000014 LINUX.3711 > NETGEAR.9100: P 12184:13208(1024) ack 1 win 32120 (DF)
010391 NETGEAR.9100 > LINUX.3711: P ack 13208 win 0
001742 NETGEAR.9100 > LINUX.3711: P ack 13208 win 1024

LinkSys Etherfast 10/100 PrintServer

[Linksys PPSX1v2 product]

This unit (model PPSX1 ver, 2) is a nice-looking box in the spirit of the rest of the Linksys product line, though the product's name was oddly spelled wrong even though it was correct on the box and all the other photography of this device.

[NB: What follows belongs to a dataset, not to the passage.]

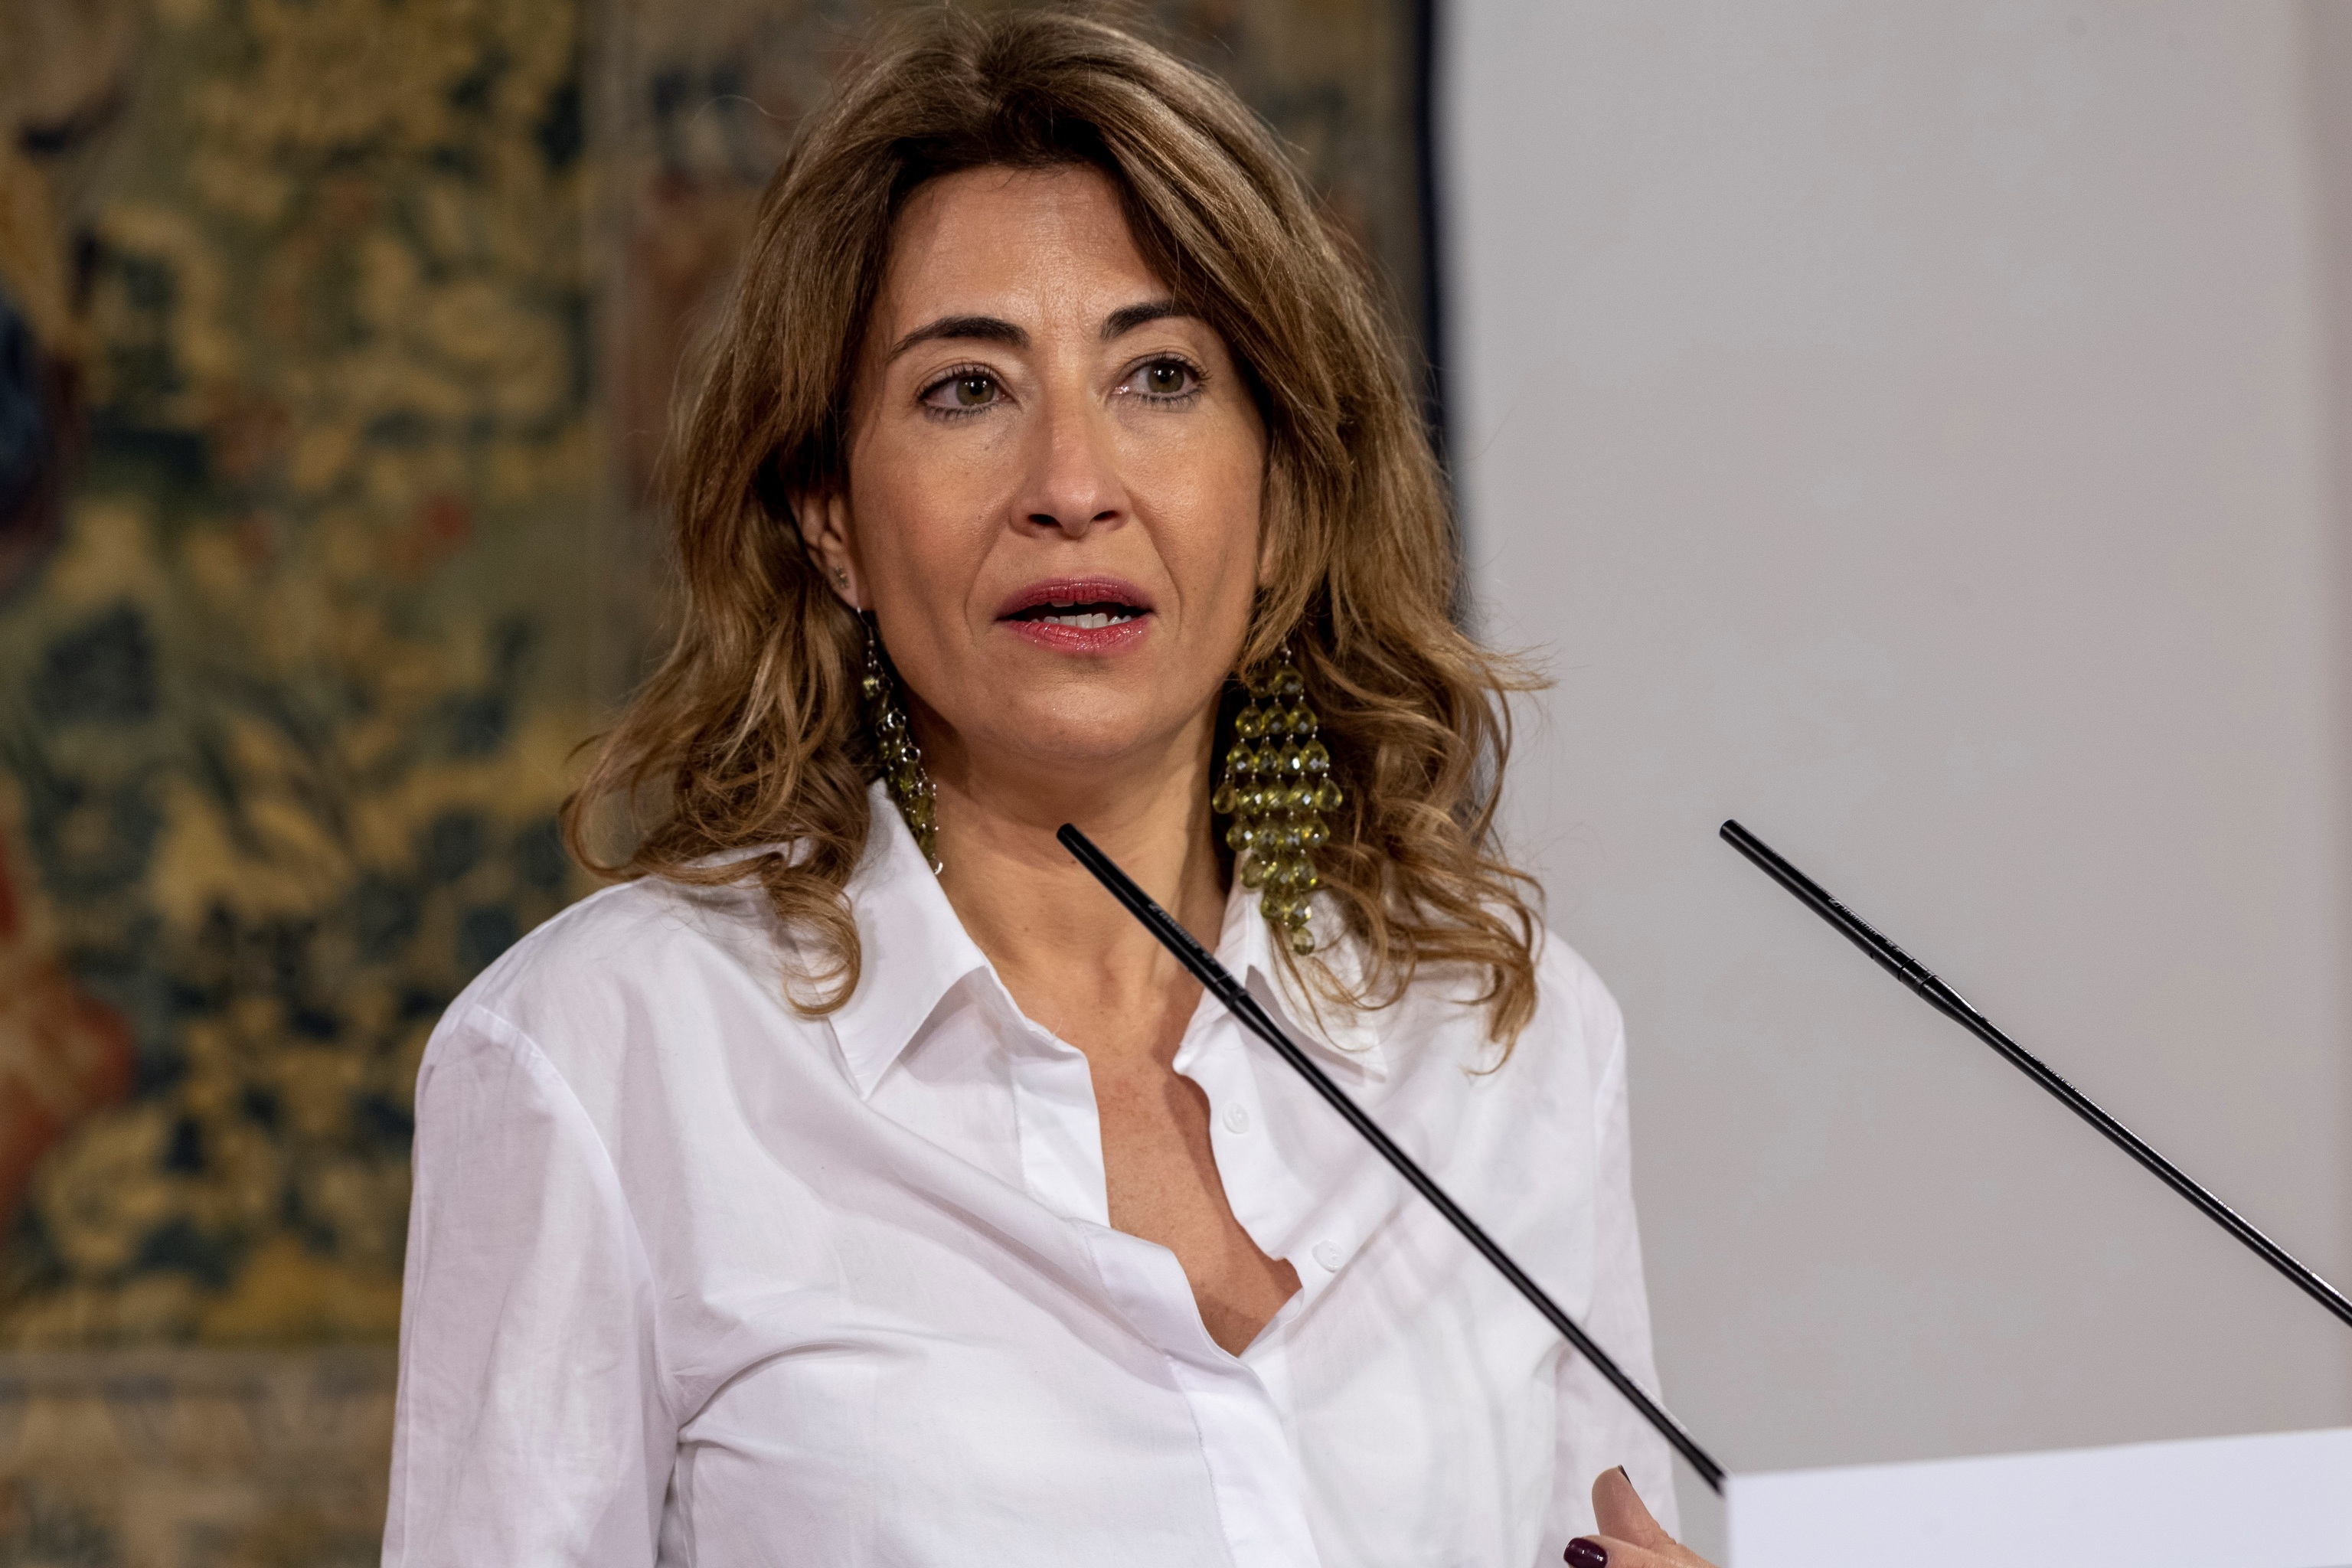 La ministra de Transportes, Movilidad y Agenda Urbana, Raquel Sánchez.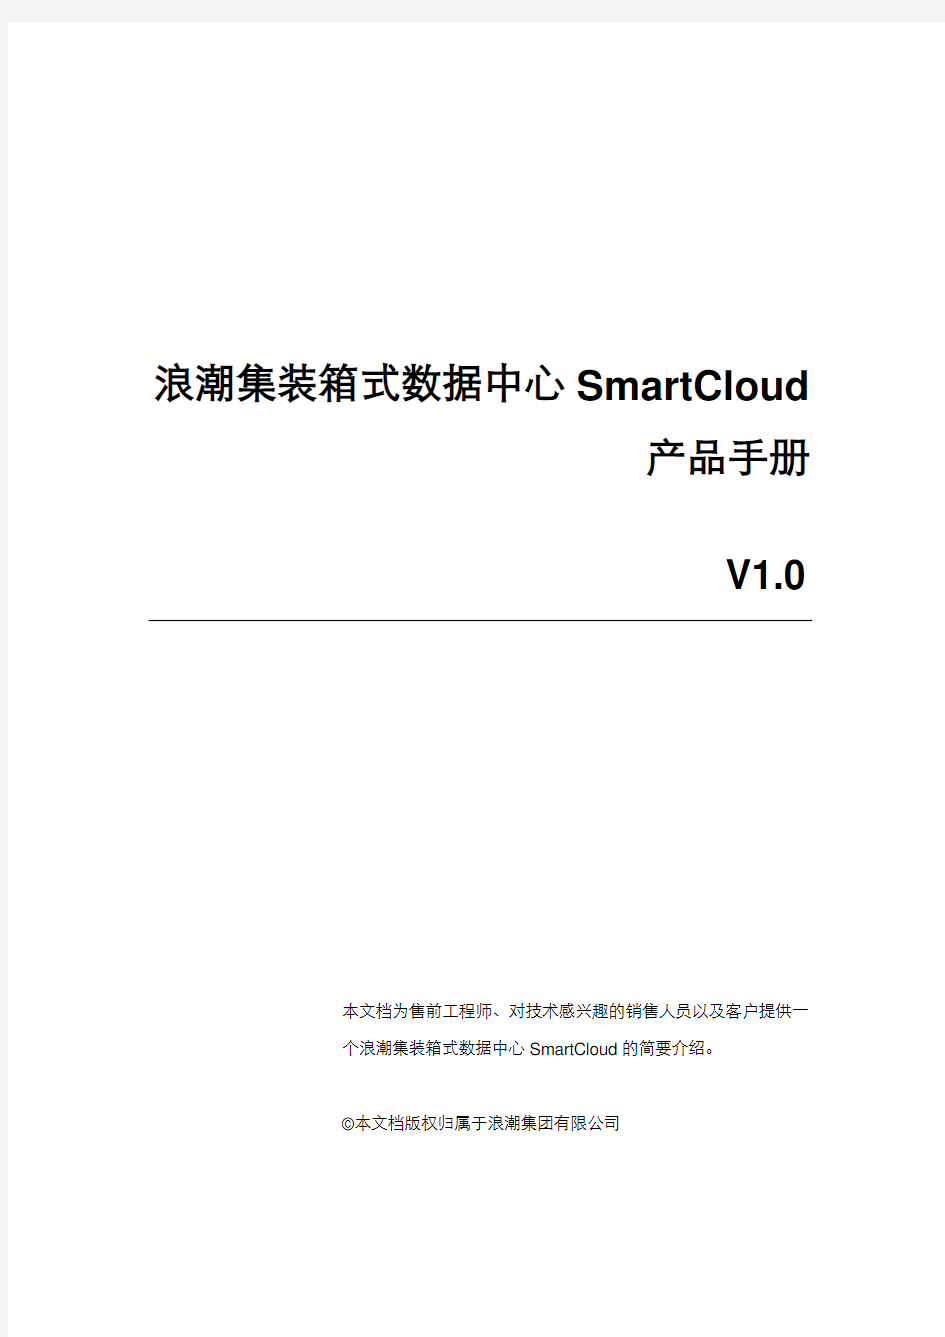 SmartCloud产品手册

This is a parallel-printer model, and it supports most of the common protocols. Netware, Appletalk, NETBEUI, and TCP/IP via the lpr daemon and IPP. It doesn't support JetDirect 9100/tcp printing.

The unit acquired an address from DHCP immediately, and it was printing in less than a minute after hookup. We never installed any of the supplied software. It had the best performance from any standalone box, and was also the most expensive.

This unit had similar TCP/IP behavior (1024-byte RWIN), though it had some odd behavior now and then during the transfer:


000017 LINUX.3719 > LINKSYS.printer: P 14120:15144(1024) ack 3 win 32120 (DF)
005193 LINKSYS.printer > LINUX.3719: P ack 15144 win 0
000978 LINKSYS.printer > LINUX.3719: P ack 15144 win 1024

	Mostly normal behavior for a 1024-byte window, though the
	win 0 is still puzzling.

000014 LINUX.3719 > LINKSYS.printer: P 15144:16168(1024) ack 3 win 32120 (DF)
005496 LINKSYS.printer > LINUX.3719: P ack 16168 win 0
000984 LINKSYS.printer > LINUX.3719: P ack 16168 win 1024

	.. ditto ...

000012 LINUX.3719 > LINKSYS.printer: P 16168:17192(1024) ack 3 win 32120 (DF)
005686 LINKSYS.printer > LINUX.3719: P ack 17192 win 0
195709 LINUX.3719 > LINKSYS.printer: . ack 3 win 32120 (DF)
002777 LINKSYS.printer > LINUX.3719: . ack 17192 win 0
397220 LINUX.3719 > LINKSYS.printer: . ack 3 win 32120 (DF)
002697 LINKSYS.printer > LINUX.3719: . ack 17192 win 0
797315 LINUX.3719 > LINKSYS.printer: . ack 3 win 32120 (DF)
002799 LINKSYS.printer > LINUX.3719: . ack 17192 win 0
625099 LINKSYS.printer > LINUX.3719: P ack 17192 win 1024    open up window again

	This is a very odd exchange: the device seems to be "marking time"
	while it's busy, and the Linux system is sending no-data ACKs to ACKS
	simply to be responsive. This stall is more than two seconds, and they
	happen periodically throughout the transfer.

We believe that none of these print servers is suitable for high-throughput data and that "fixing" the problem is not simply a matter of increasing the receive window. Because the RWIN is often tied to the size of the network receive buffer, it's unlikely that the RAM is even available for allocation.

For routine office work (say, printing text reports out of an accounting system), all of these are more than suitable and seem to be reliable and easy to set up. But for high-performance printing, we believe that none of them is even close to suitable.

Troy PocketPro 100S PrintServer

This unit turned out to be the hands-down winner in our analysis, as it was able to run at almost 800 kbytes/second, by far the fastest of the standalone units. It supports nearly every possible method of printing (we chose JetDirect), and it was exceptionally customizable (for instance, we were able to set the RWIN ourselves).

We received above-and-beyond tech support from Troy (other vendors didn't respond to email), and there was nothing not to like about this unit. We chose the PocketPro 100S and have been very happy with it.

---

A special thanks to SYNACK, a moderator at DSL Reports for his helpful input on this analysis.